If I could bid the fifth welcome with so good a heart as I can bid the other four farewell, I should be glad of his approach: if he have the condition of a saint and the complexion of a devil, I had rather he should shrive me than wive me. Come,

Nerissa. Sirrah, go before.

Whiles we shut the gates upon one wooer, another knocks at the door.

Exeunt

Source:http://shakespeare.mit.edu/merchant/full.html

Summary

At Belmont, Portia discusses the terms of her father's will with her confidante, Nerissa. According to the will of her late father, Portia cannot marry a man of her own choosing. Instead, she must make herself available to all suitors and accept the one who chooses "rightly" from among "three chests of gold, silver and lead." Nerissa tries to comfort Portia and tells her that surely her father knew what he was doing; whoever the man might be who finally chooses "rightly," surely he will be "one who shall rightly love." Portia is not so certain. None of her current suitors is the kind of man whom she would choose for herself if she could choose. She cannot, however, for she gave her word that she would be obedient to her father's last wishes.

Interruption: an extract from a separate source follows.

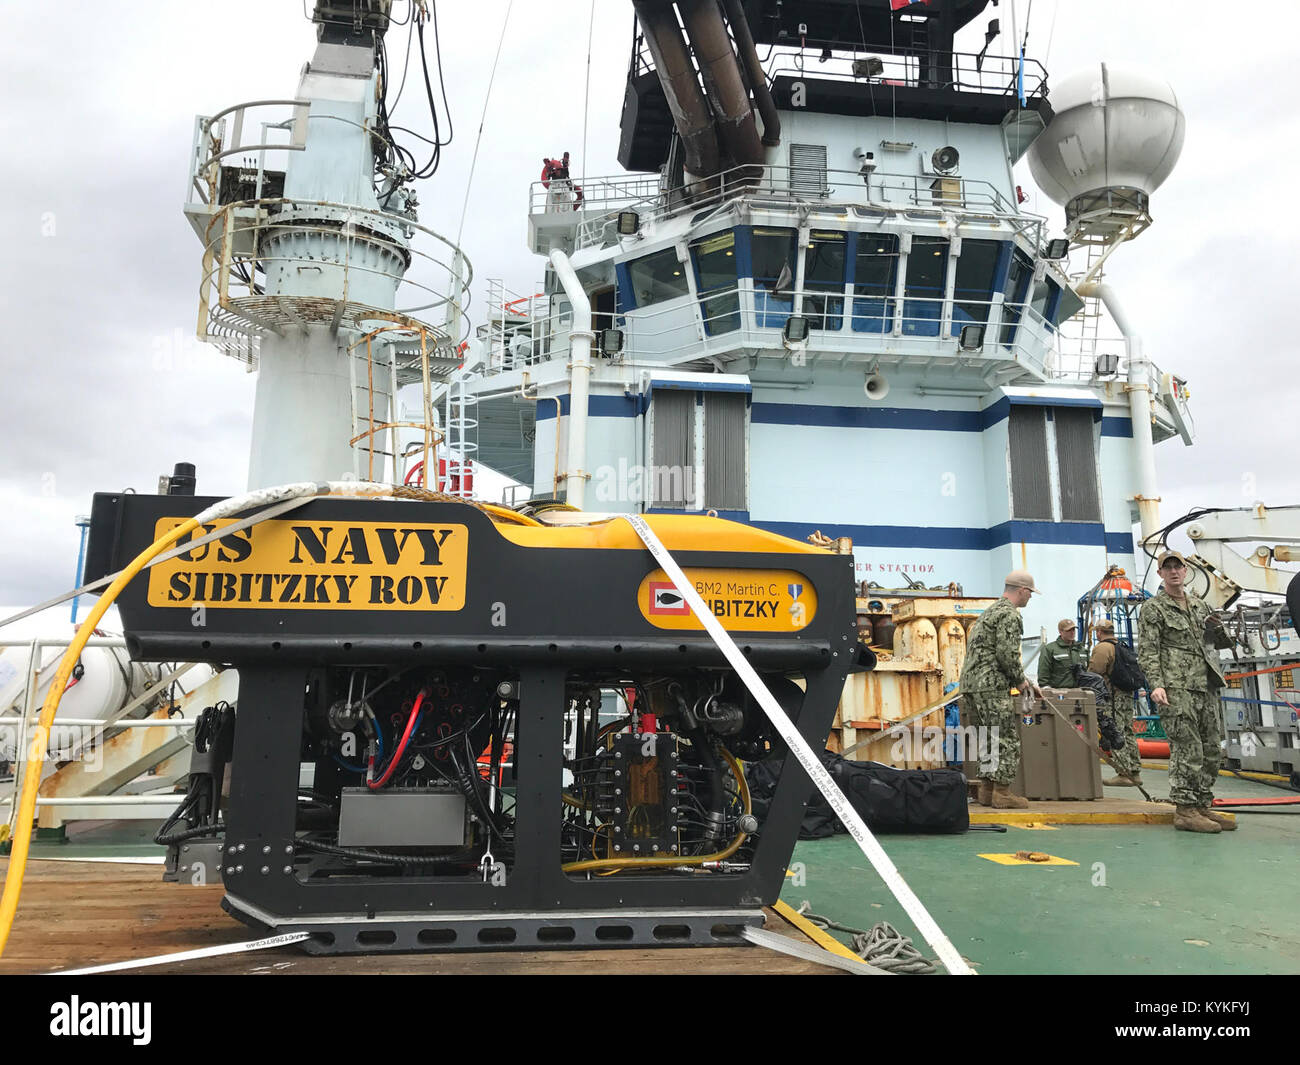 Atlantik (Nov. 21, 2017) eines ferngesteuerten Unterwasserfahrzeugs betrieben von Unterseeischen Rettung der US-Navy-Befehl (URC) ist inszeniert an Bord des Norwegischen Schiffes Skandi Patagonien die ständige Suche nach der Argentinischen Marine u-Boot zur Unterstützung A.R.A. San Juan (S42) in den Atlantischen Ozean. URC Segler sind sehr gut ausgebildet und regelmäßig üben den Einsatz der Advanced Technology in U-Boot rescue Szenarien. (U.S. Marine Foto/Freigegeben) 171121-N-TY 130-005 Stockfoto

Nerissa asks her to reconsider the gentlemen who have courted her, and she names the suitors who have come to Belmont -- a Neapolitan prince; the County Palatine; a French lord, Monsieur Le Bon; a young English baron, Falconbridge; a Scottish lord; and a young German, the Duke of Saxony's nephew. Portia caustically comments on their individual faults, finding each one of them undesirable as a husband. Fortunately, all of them have decided to return home, unwilling to risk the penalty for choosing the wrong casket -- which is, remaining a bachelor for the rest of their lives.